What you are asked to do: Find the line with "Graeme Smith down" in the data below. Repeat it and every line after it exactly, but not the pictures.

Information supplied:
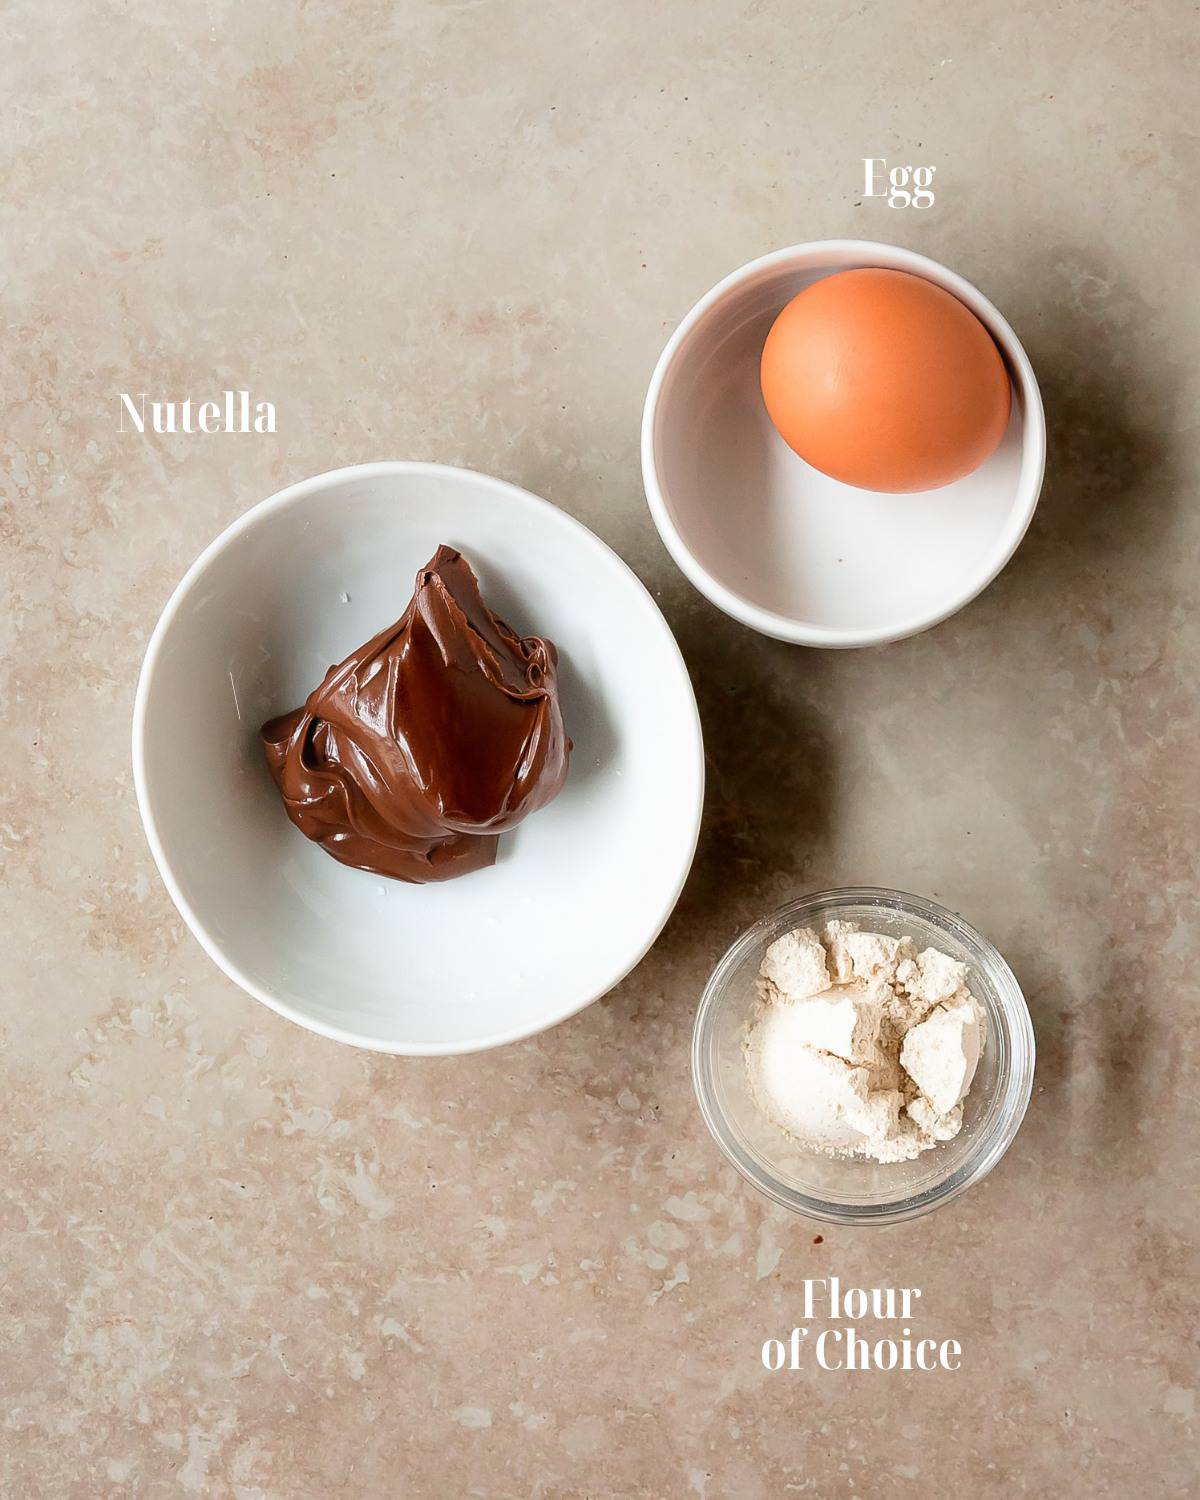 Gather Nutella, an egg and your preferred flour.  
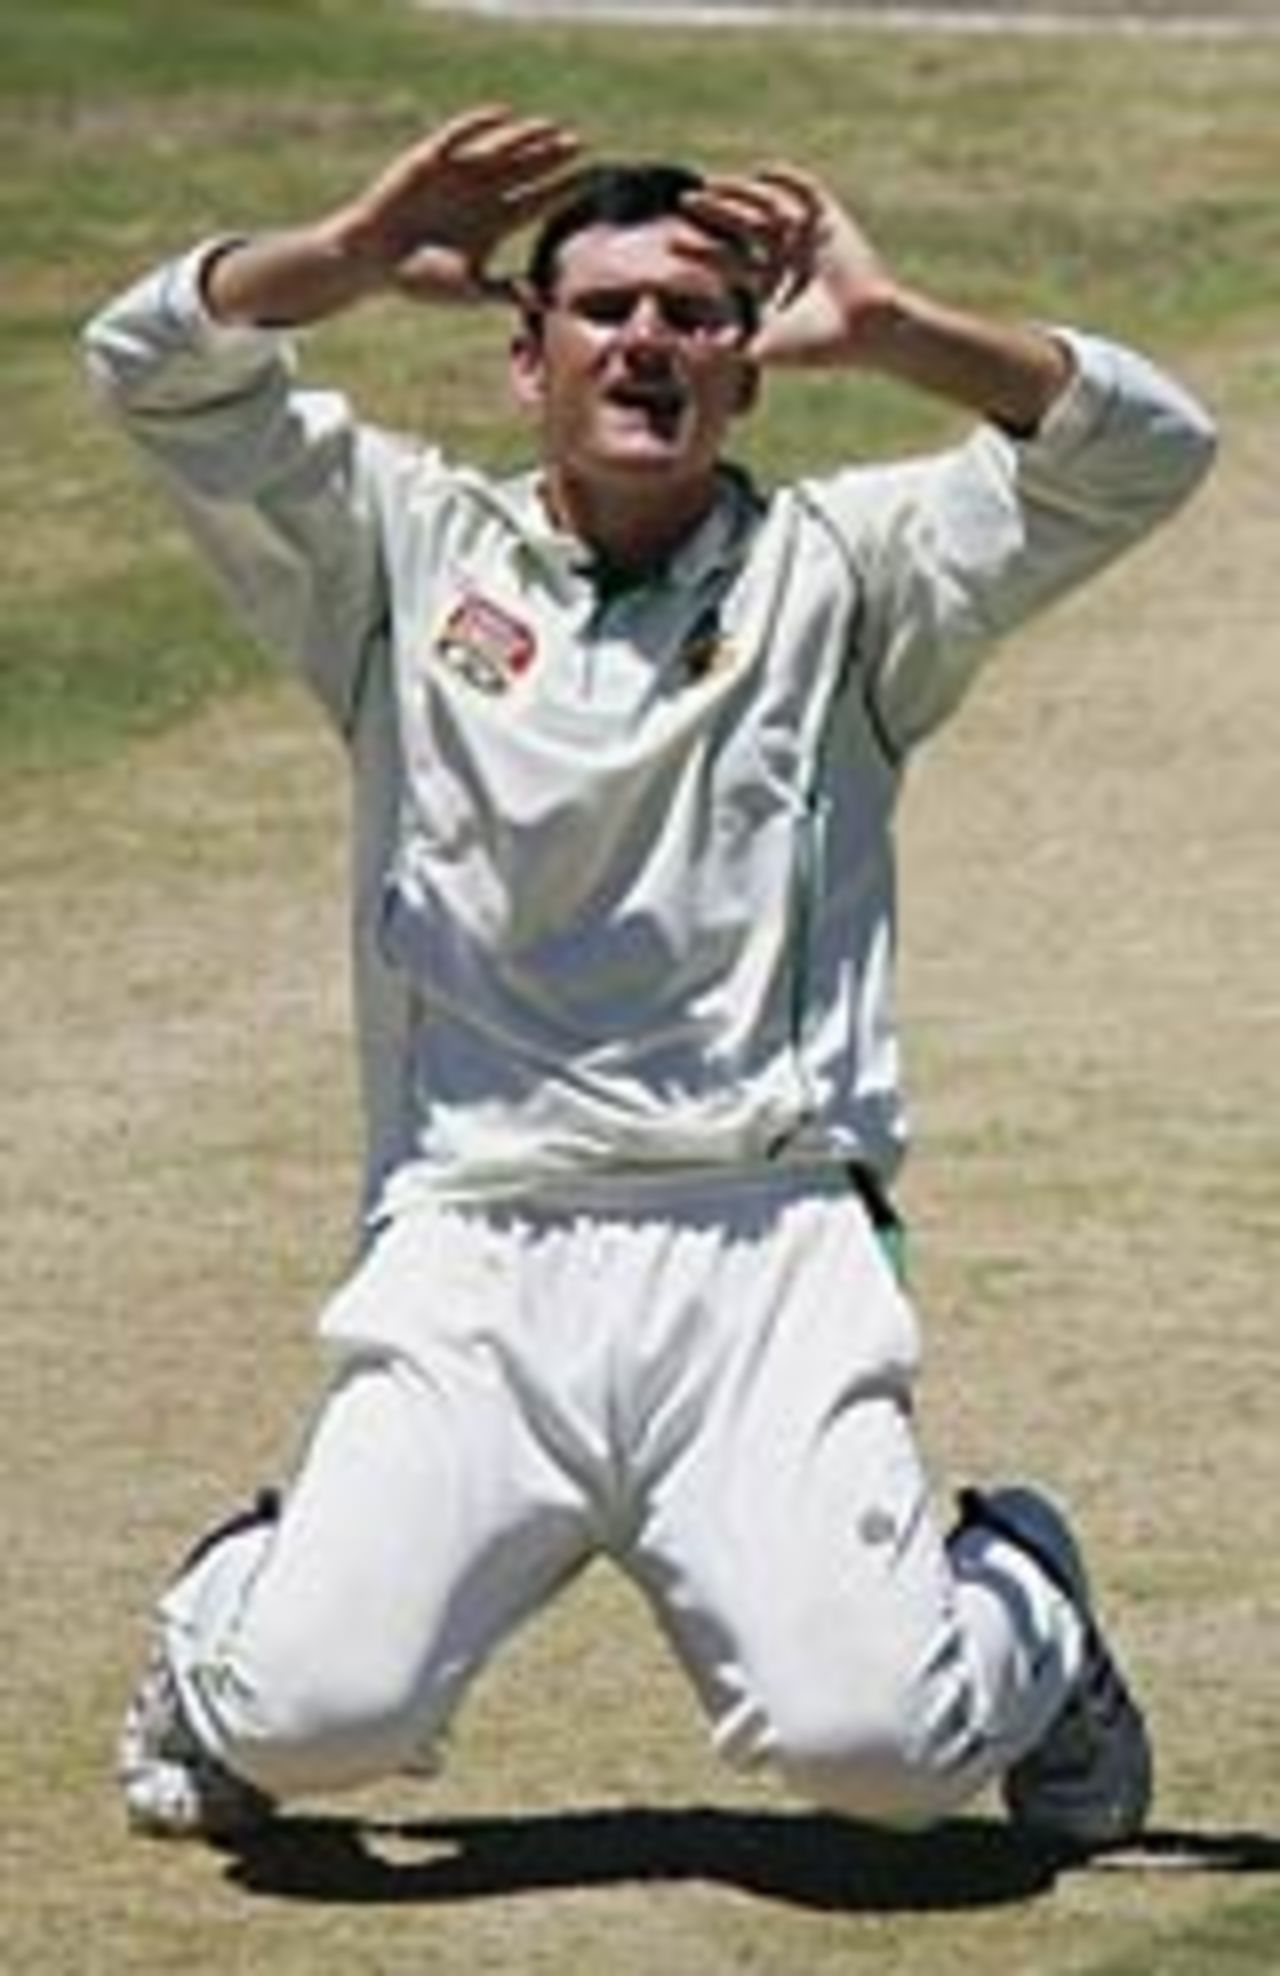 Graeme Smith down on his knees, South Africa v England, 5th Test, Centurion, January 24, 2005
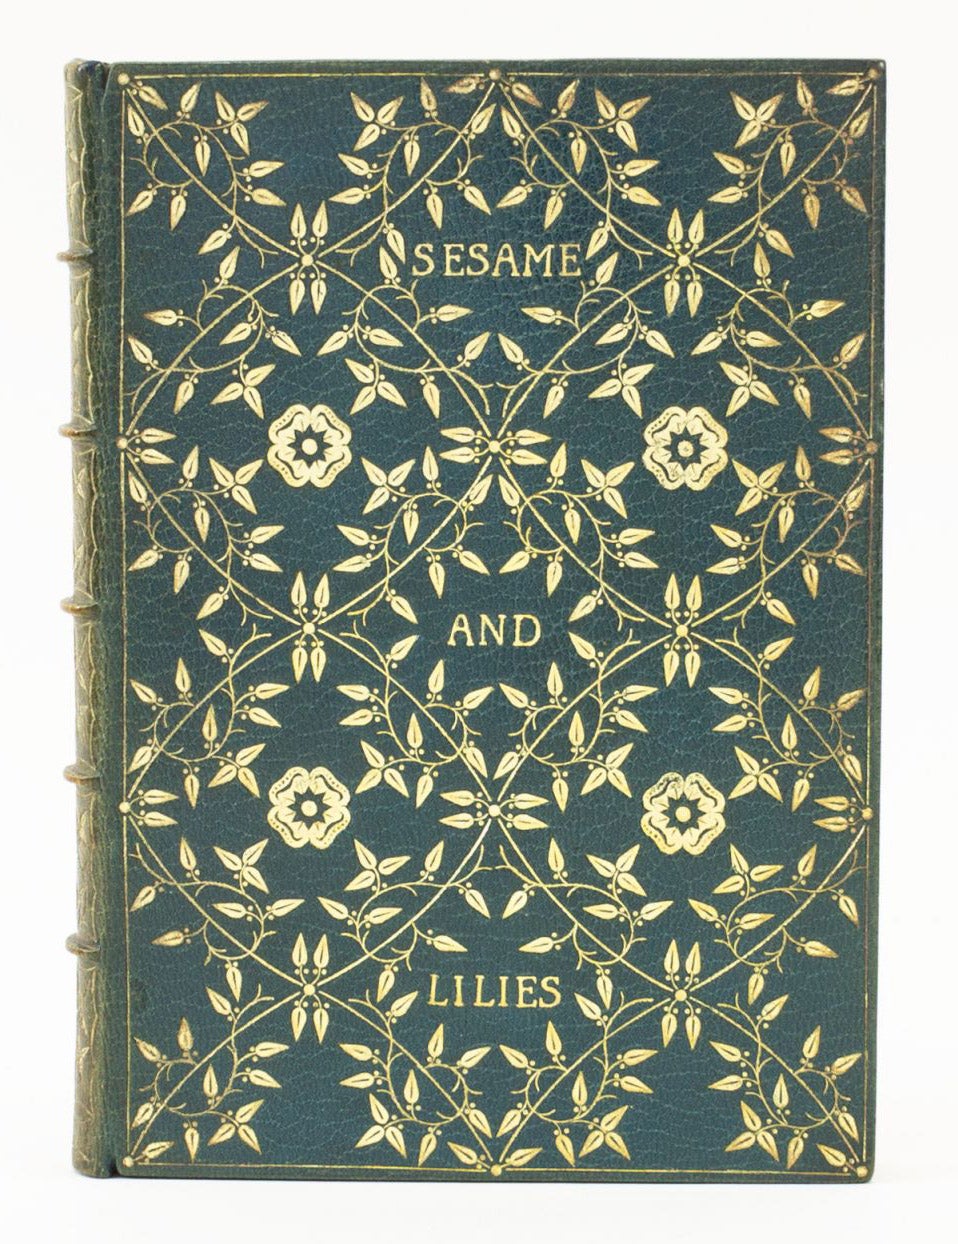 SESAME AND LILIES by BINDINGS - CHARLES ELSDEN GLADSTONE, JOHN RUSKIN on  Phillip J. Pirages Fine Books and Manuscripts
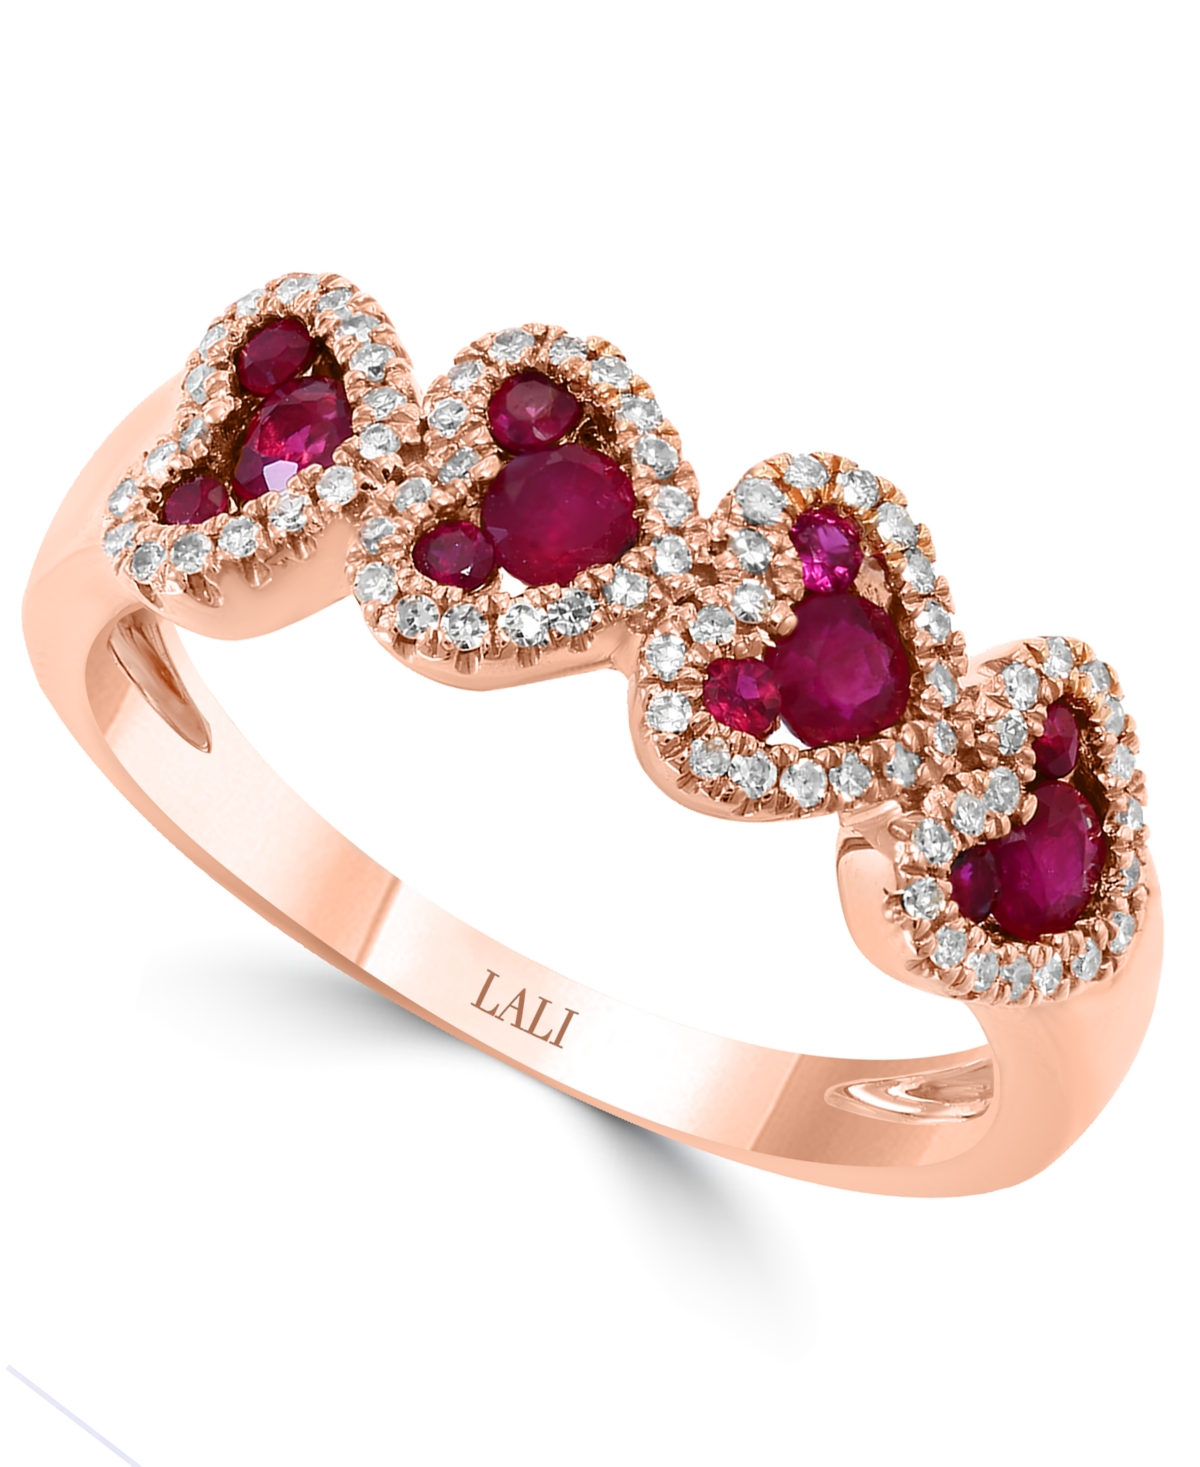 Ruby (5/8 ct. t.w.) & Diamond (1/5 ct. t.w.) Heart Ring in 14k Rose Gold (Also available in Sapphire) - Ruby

Answer space:
 Graeme Smith down on his knees, South Africa v England, 5th Test, Centurion, January 24, 2005
 SESAME AND LILIES by BINDINGS - CHARLES ELSDEN GLADSTONE, JOHN RUSKIN on  Phillip J. Pirages Fine Books and Manuscripts
 Ruby (5/8 ct. t.w.) & Diamond (1/5 ct. t.w.) Heart Ring in 14k Rose Gold (Also available in Sapphire) - Ruby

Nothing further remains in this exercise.